### TASK BRIEF:
Give the lines again exactly as they appear below, from the line with "Micrografía electrónica coloreada" to the line with "Eurasian red squirrel", both included, and only those lines. Leave every picture out.

### GIVEN DATA:

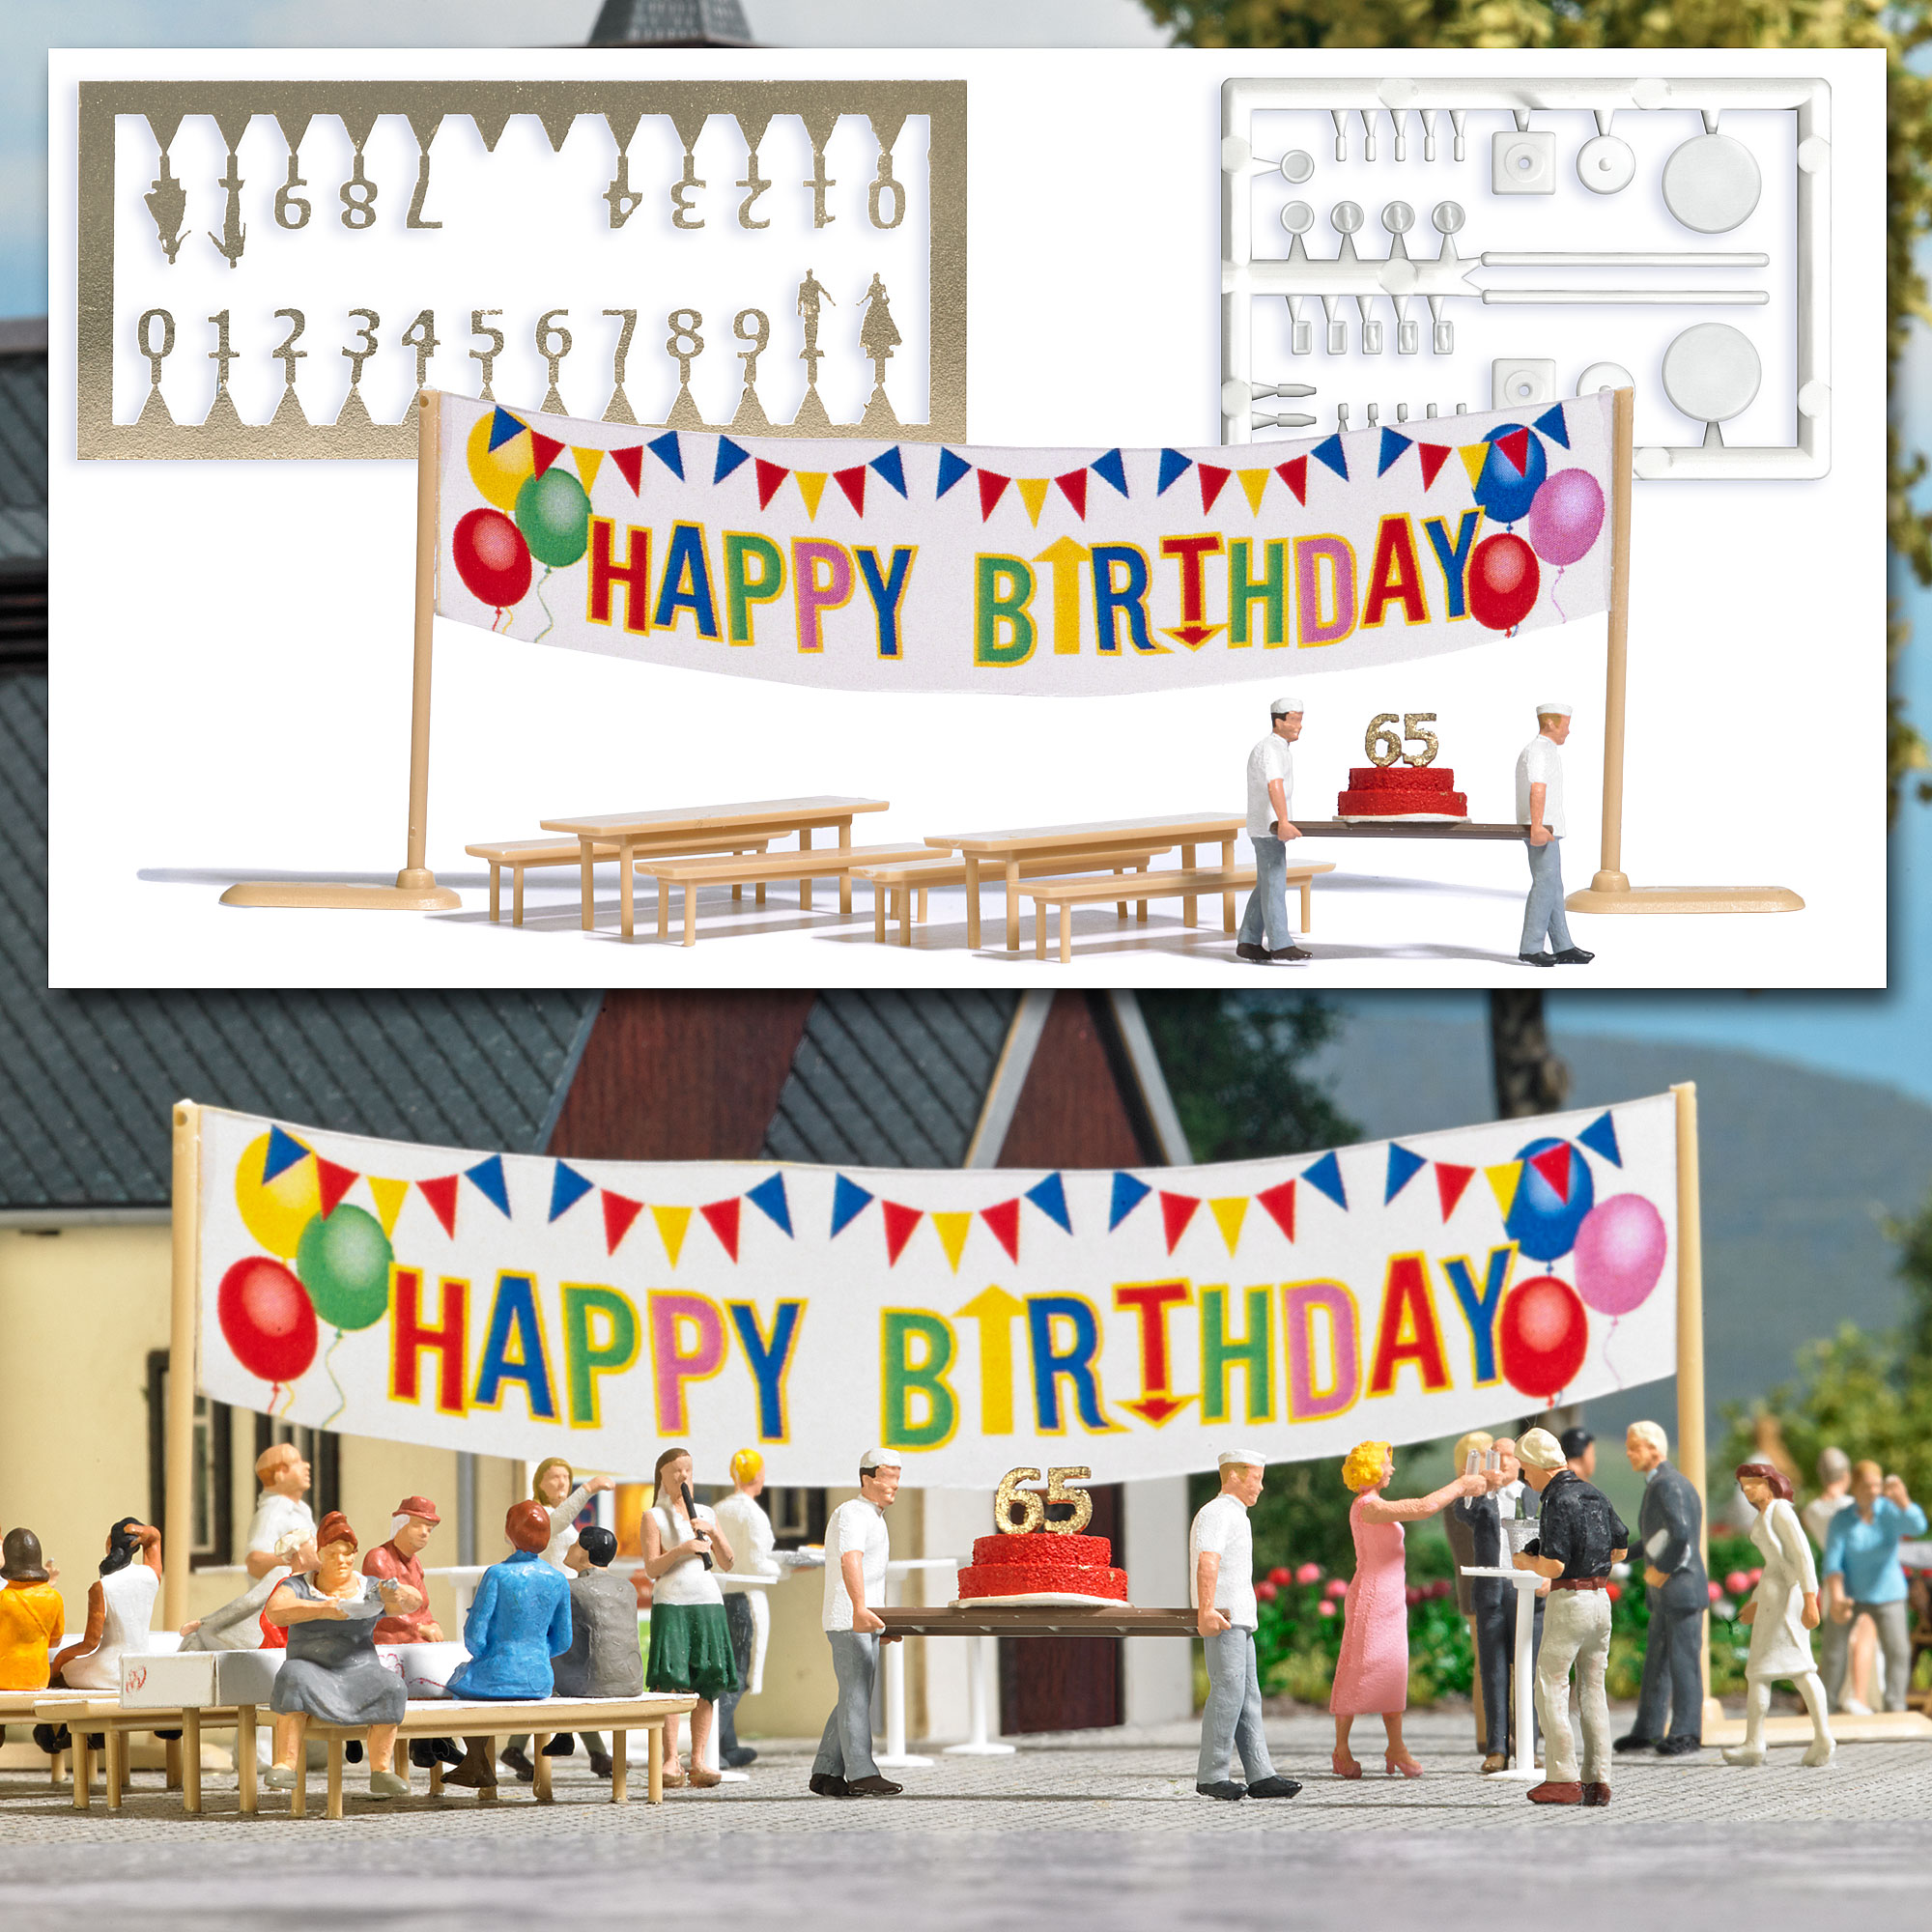 busch-6565-Happy-Birthday-Action-Partyset-Geburtstagstorte-Konditor-Torte-Festgarnitur
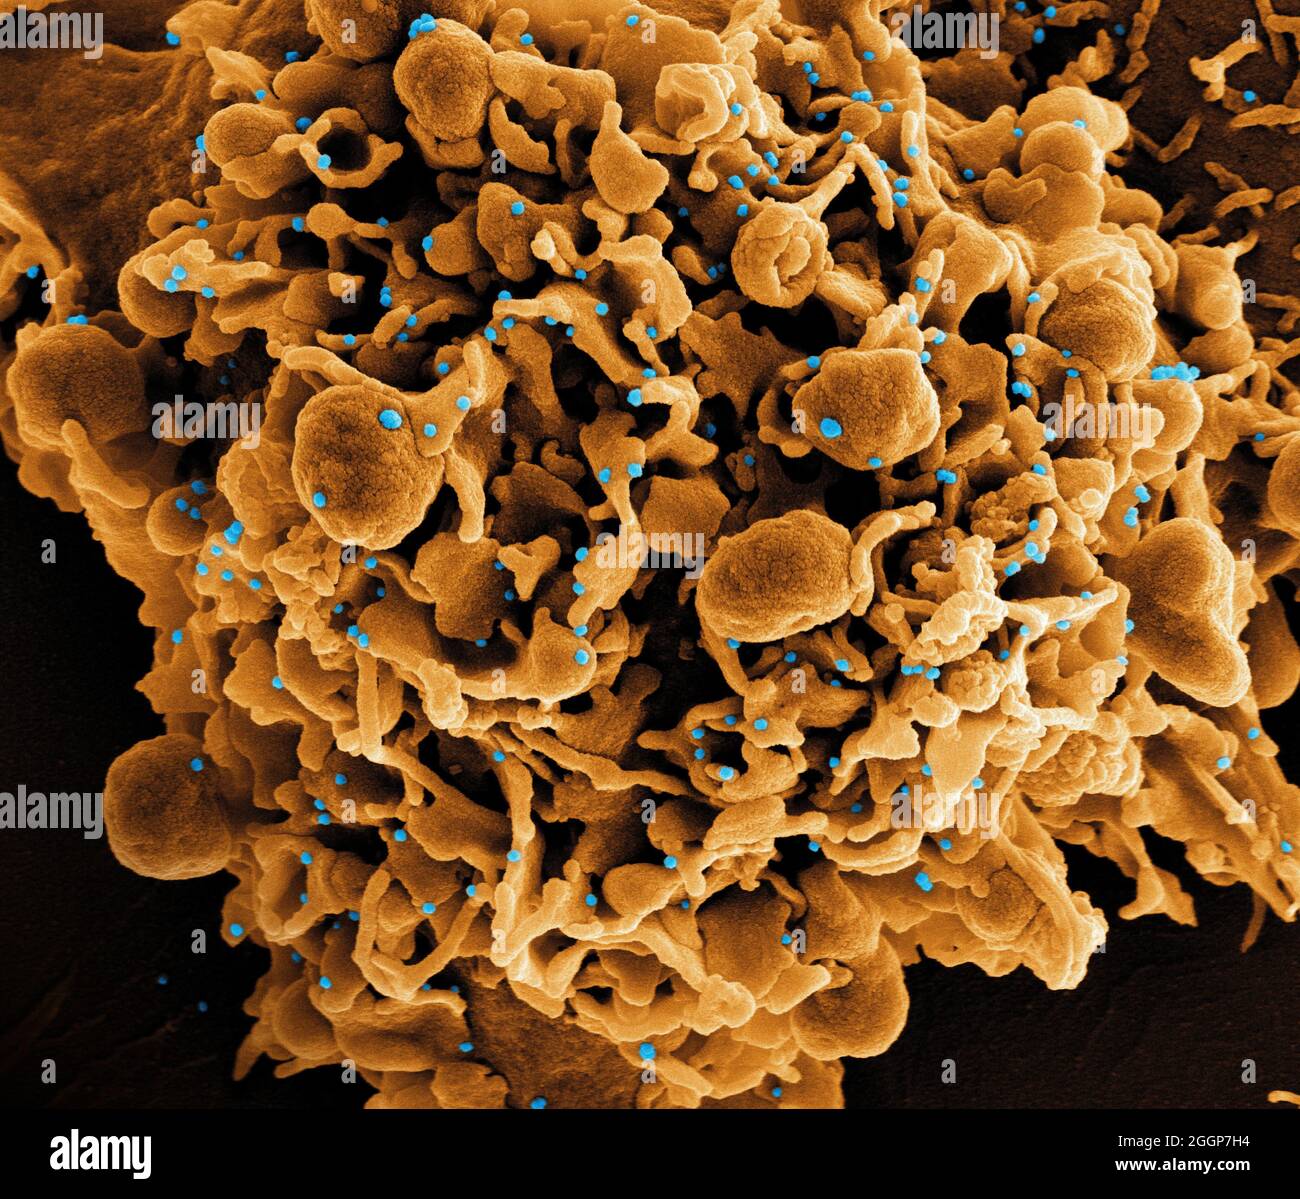 Micrografía electrónica coloreada de una célula (marrón) infectada con partículas del virus SARS-CoV-2 (azul), aislada de una muestra de paciente. Foto de stock
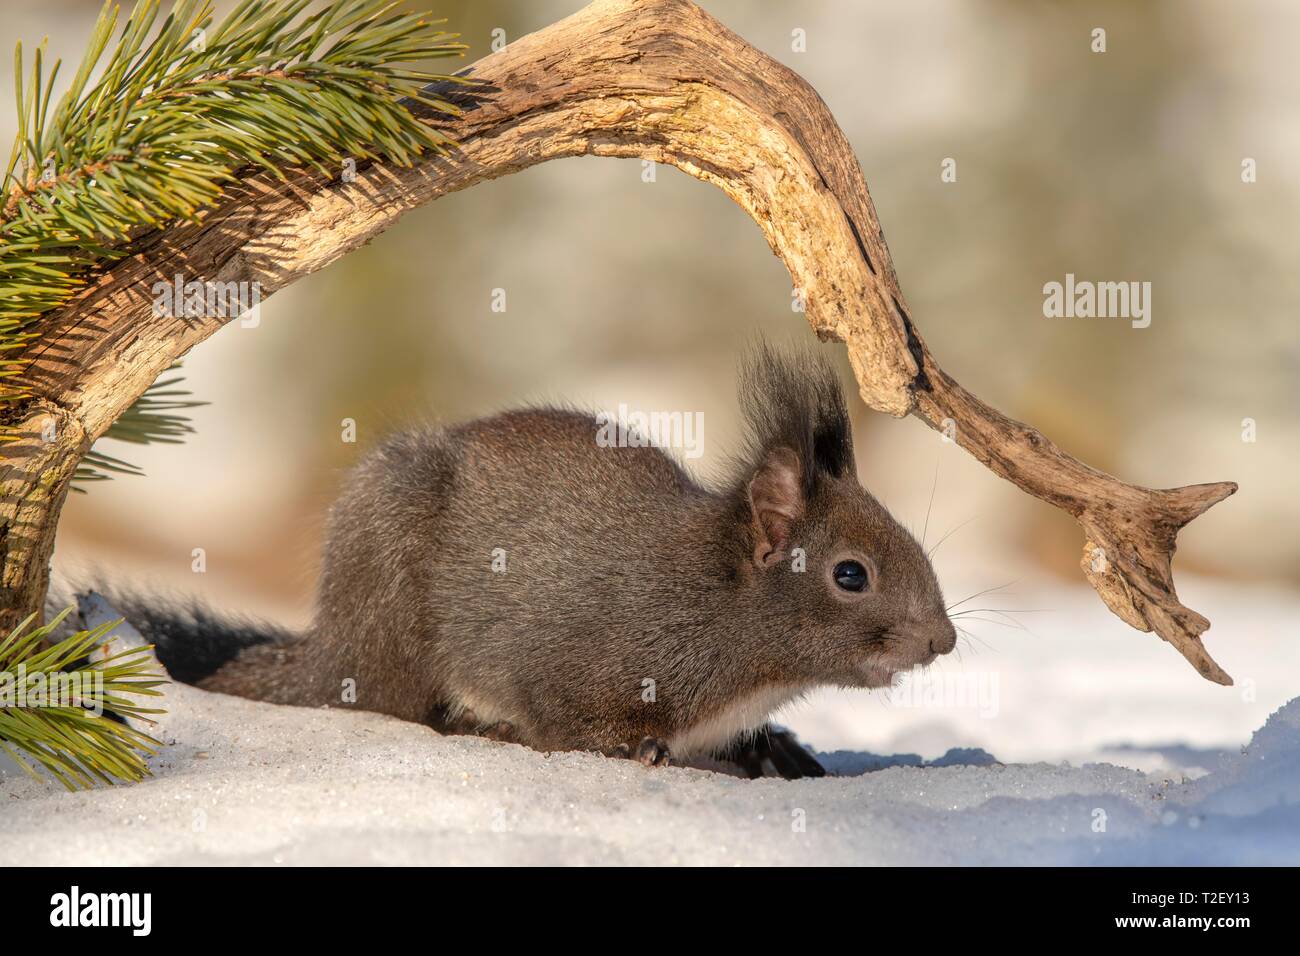 Eurasian red squirrel (Sciurus vulgaris), in the snow, Austria Stock Photo
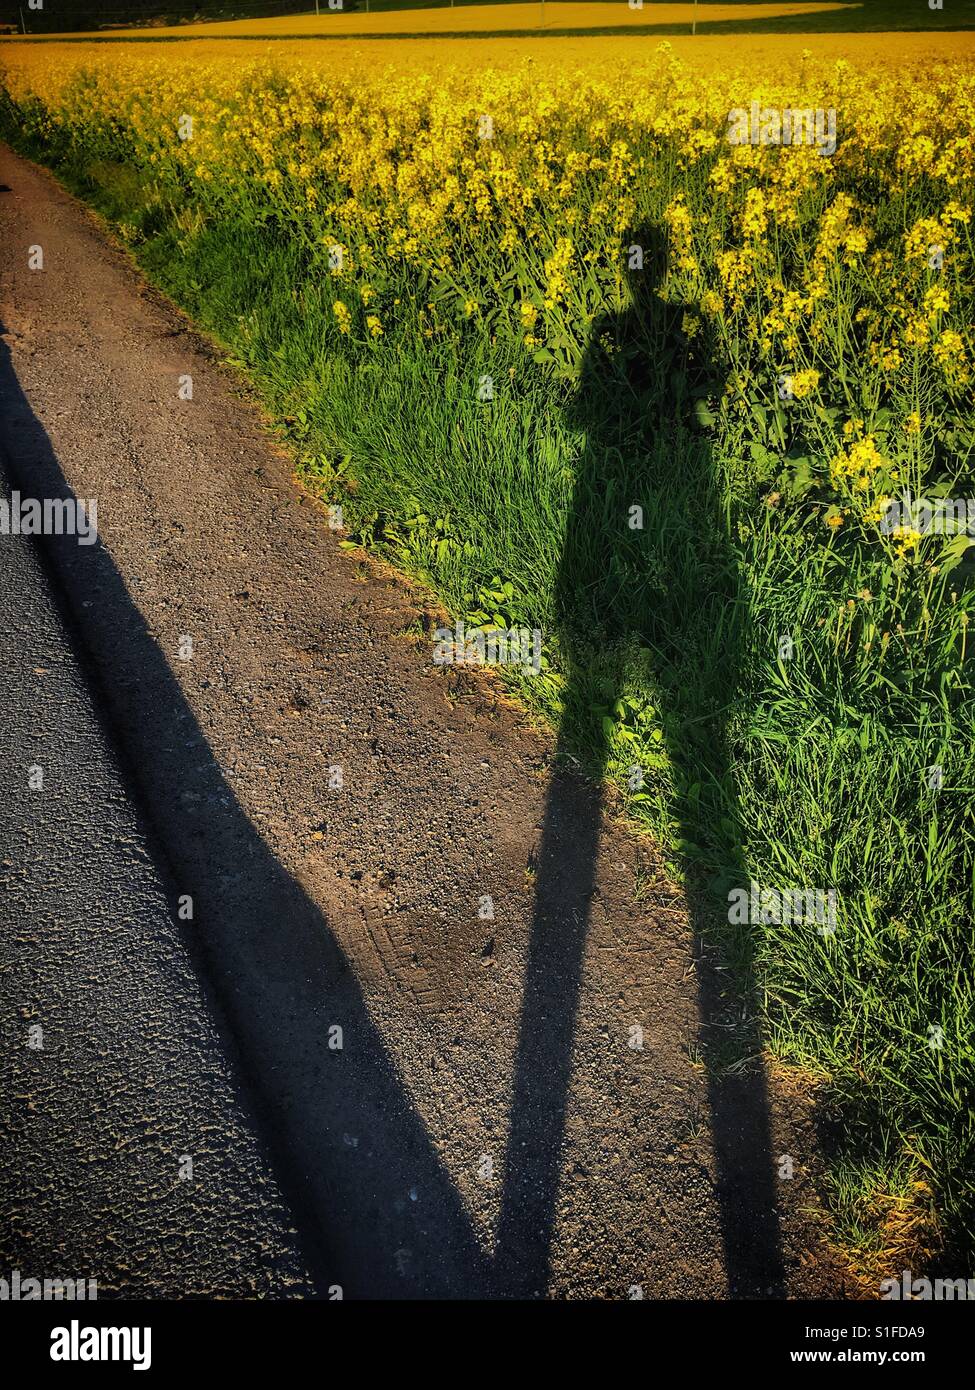 Schatten einer Frau auf einem gelben Raps Feld Stockfoto

### COMPLETED TASK:
 Micrografía electrónica coloreada de una célula (marrón) infectada con partículas del virus SARS-CoV-2 (azul), aislada de una muestra de paciente. Foto de stock
 Eurasian red squirrel (Sciurus vulgaris), in the snow, Austria Stock Photo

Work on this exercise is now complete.